The New Infinity: A State of Being or Becoming? delves into psychoanalytical and philosophical explorations of human development to address the distinctive situation we face today in terms of the ways in which we relate, and fail to relate, to ourselves and others in contemporary culture. The succession of still and moving images, collected from our personal archives, was formed in response to a written theoretical piece, the sound recording of which itself acts as a reply to the visual backdrop and which together could be seen as forming a mutually constitutive relation. Different modes of meaning enter into dialogue with one another, intersect and collide, providing a stage for new dialogues and readings of the work as a whole, and its separate elements, to emerge and take root within the viewer.

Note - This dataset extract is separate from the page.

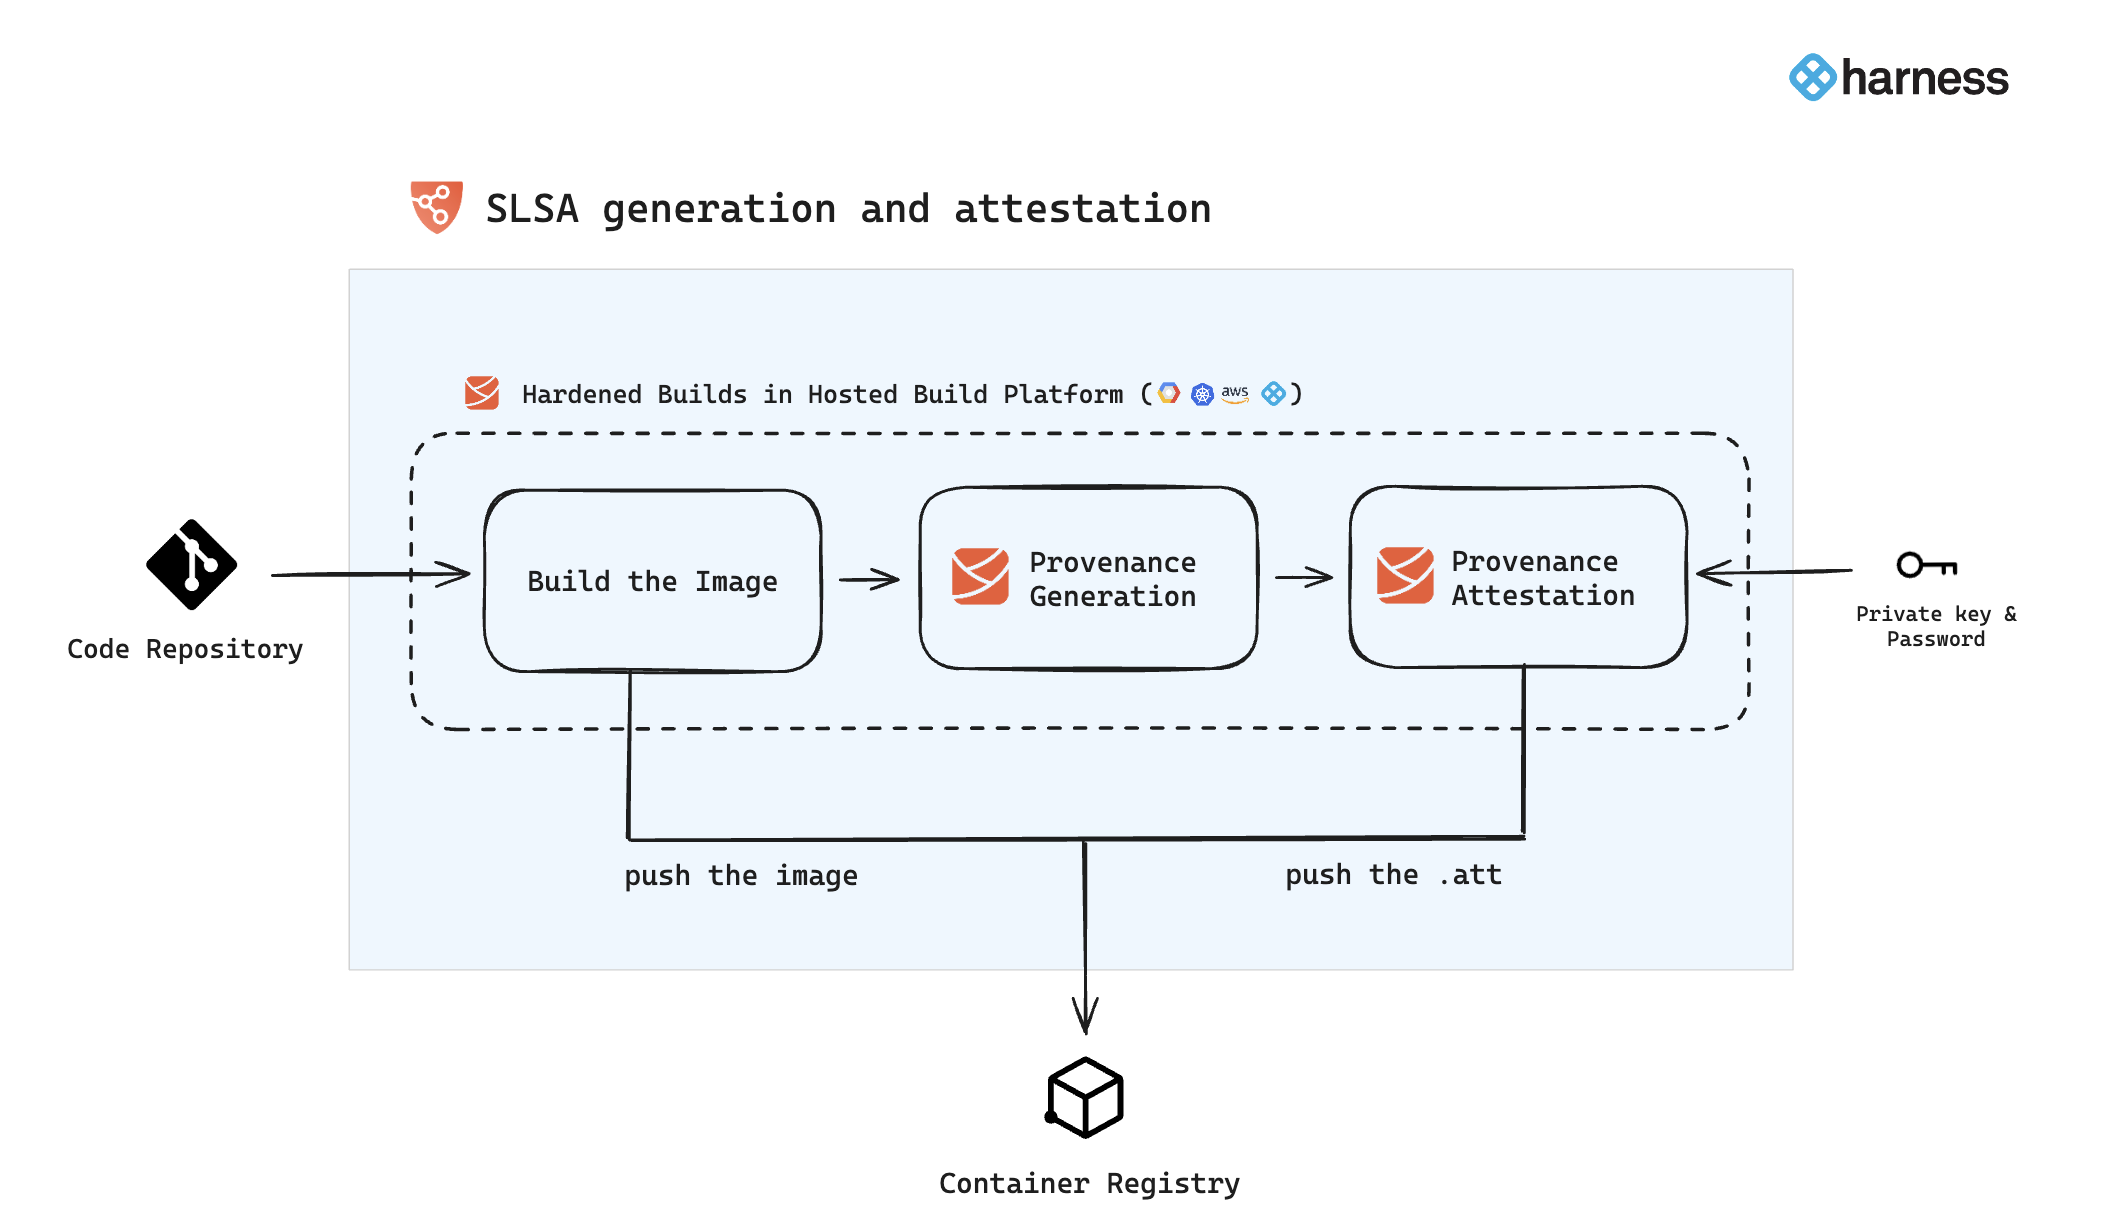 SLSA Generation overview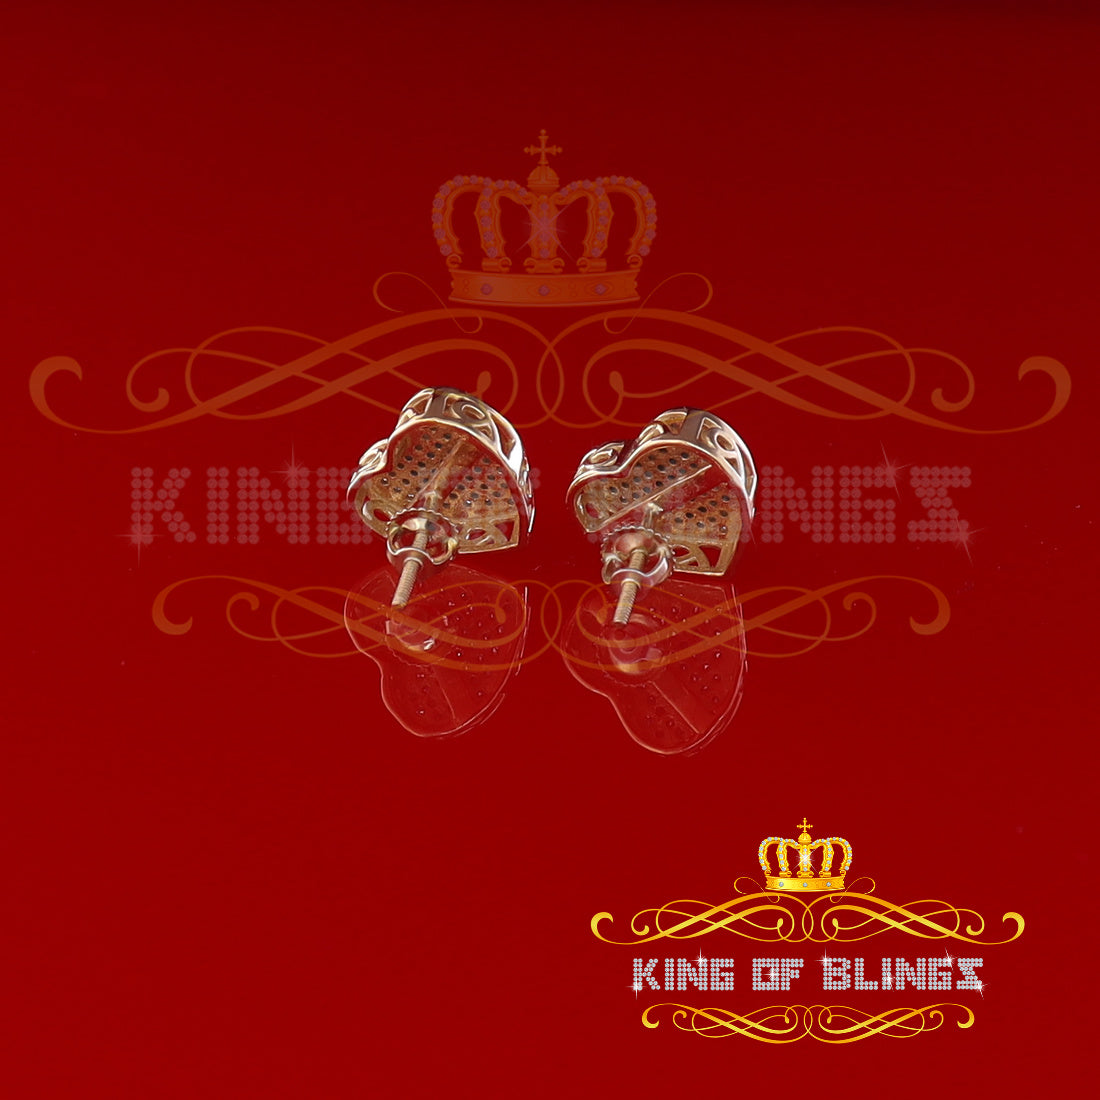 King of Blings-Micro Pave 0.25ct Real Diamonds 925 Yellow Silver Women's & Men's Heart Earrings KING OF BLINGS

Erik Gustafsson (1987) is currently studying fine art photography at Valand Academy in Gothenburg, Sweden. His work spans a variety of media, including photography, video and mixed media, all of which tend to explore the indeterminate borderland between fictive and documentary photography. Distorted stills from a grandfather's super 8 videos are given new meaning alongside the silent portrait of a friend or an empty room. Untied by a sense of intimacy, honesty and intrigue, personal archives and found material merge and transform into ephemeral objects that elude definition and dwell in the shadows of reality and imagination.
Eugenia Lapteva is a London based writer and editor. Born and raised in Stockholm she completed her BA in English and European Literature at University of Sussex and MA in Comparative Literature and Modern Literary Theory at Goldsmiths, University of London. She is the editor of Odiseo journal and has written for notable publications such as Tank, The White Review, ELLE, Odiseo, Husk and Under the Influence, writing particularly on modern culture, psychoanalysis and the ethical relationship. Her main research interests revolve around the nature of human subjectivity, language and love, and the impact of new technology on human relations today. She is currently training to be a psychoanalyst in London.